Ugualmente nel caso di chi avesse presentato una dichiarazione infedele al fine di evadere l’imposta (con soglia di punibilità più alta: 103.291,38) e chi avesse presentato la dichiarazione infedele (per importi IVA dovuta e non versata compresi tra € 50,000 ed € 103.291,38) sarebbe rimasto esente da pena per il mancato raggiungimento della soglia di punibilità, mentre chi avesse presentato una dichiarazione veritiera e non avesse poi pagato l’imposta sarebbe risultato penalmente responsabile per il superamento della soglia di € 50.000,00.
Questo fatto è stato ritenuto lesivo del principio di uguaglianza sancito dall’art. 3 della Costituzione in quanto determinava il risultato di riservare un trattamento sanzionatorio più pesante a chi avesse tenuto la condotta meno lesiva.

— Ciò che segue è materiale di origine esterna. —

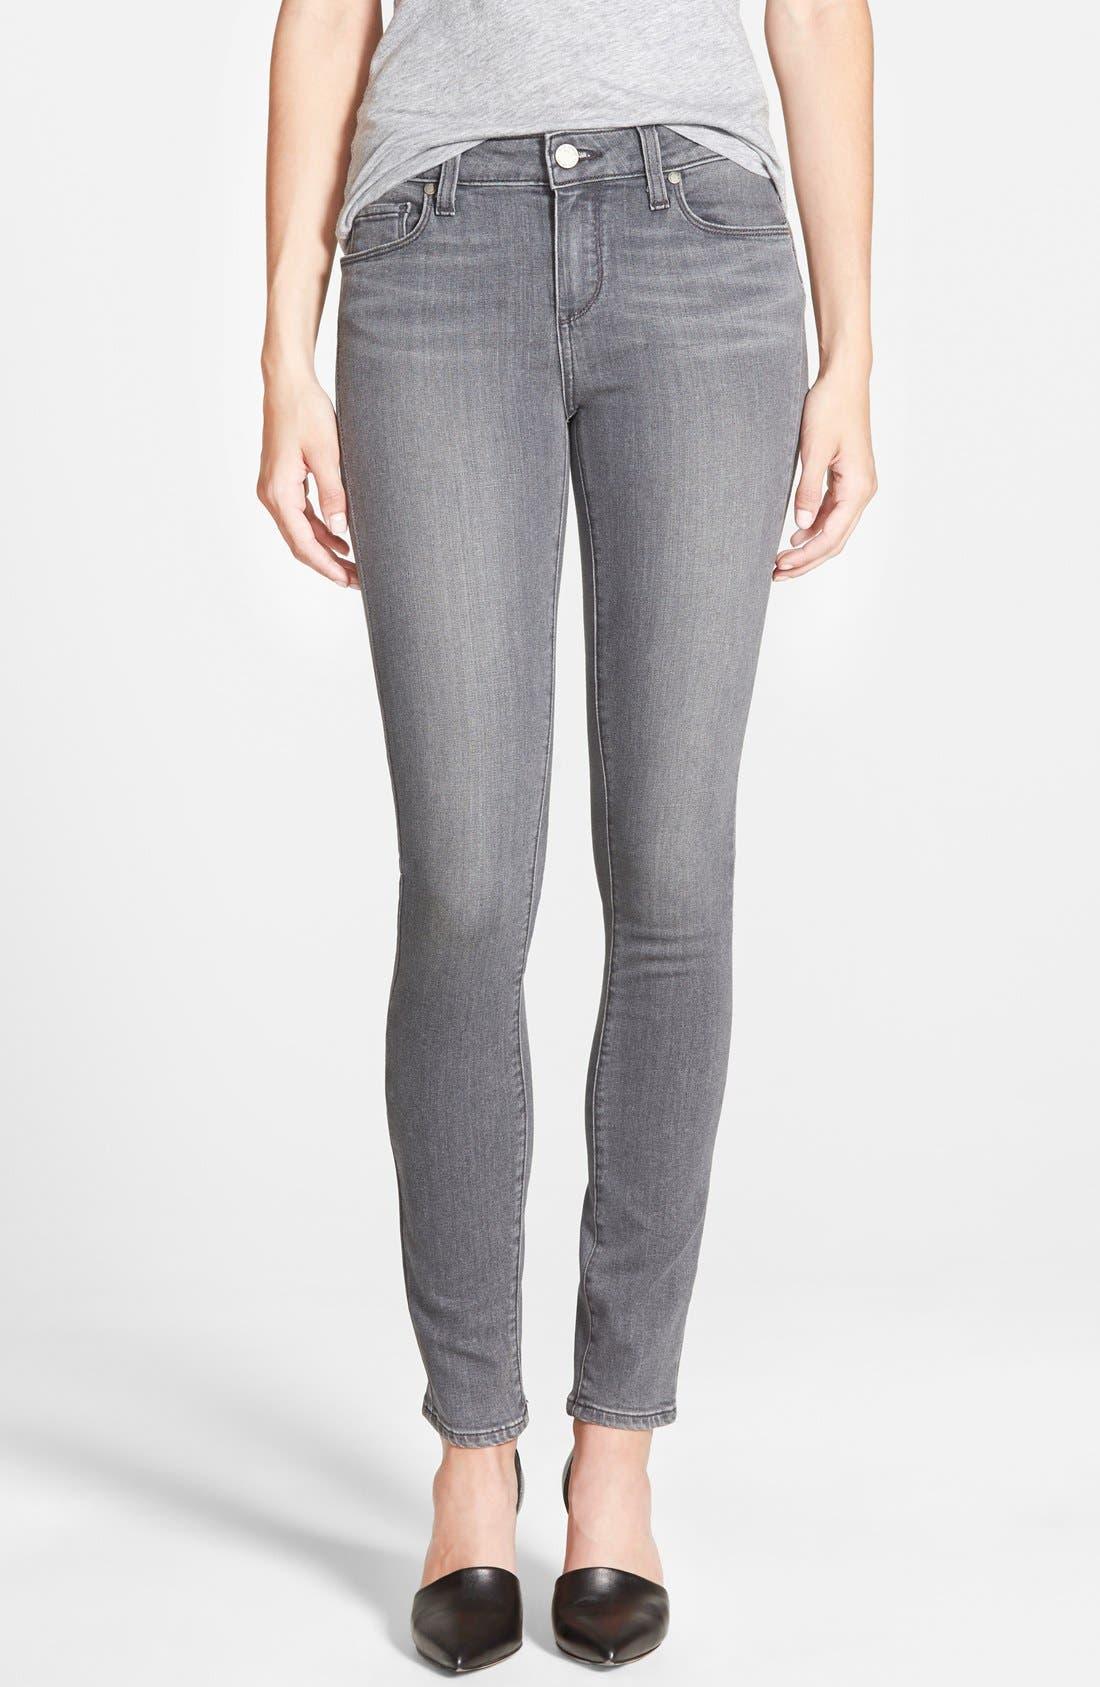 Transcend - Verdugo Ultra Skinny Jeans,                         Main,                         color, SILVIE

Il problema è stato risolto dall’art. 2 co. 36 vicies semel del D.L. n. 138/2011, aggiunto dalla legge di conversione n. 148/2011, che riduceva la soglia di punibilità dell’omessa dichiarazione ad € 30.000,00 (lettera f) e quella della dichiarazione infedele ad € 50.000,00 (lettera d).
Le modifiche sarebbero state applicabili ai soli fatti compiuti successivamente alla data di entrata in vigore della legge di conversione (17 settembre 2011) e avrebbero lasciato intatto il problema per i fatti anteriori tale data.
La Corte Costituzionale con sentenza n. 80/2014 ha ritenuto esistente la violazione del principio di uguaglianza e ha rimosso la disparità di trattamento stabilendo che per i fatti anteriori al 17 settembre 2011 la soglia di punibilità per l’omesso versamento IVA deve essere allineata alla soglia prevista per la dichiarazione infedele che abbia superato la soglia di € 103.291,38.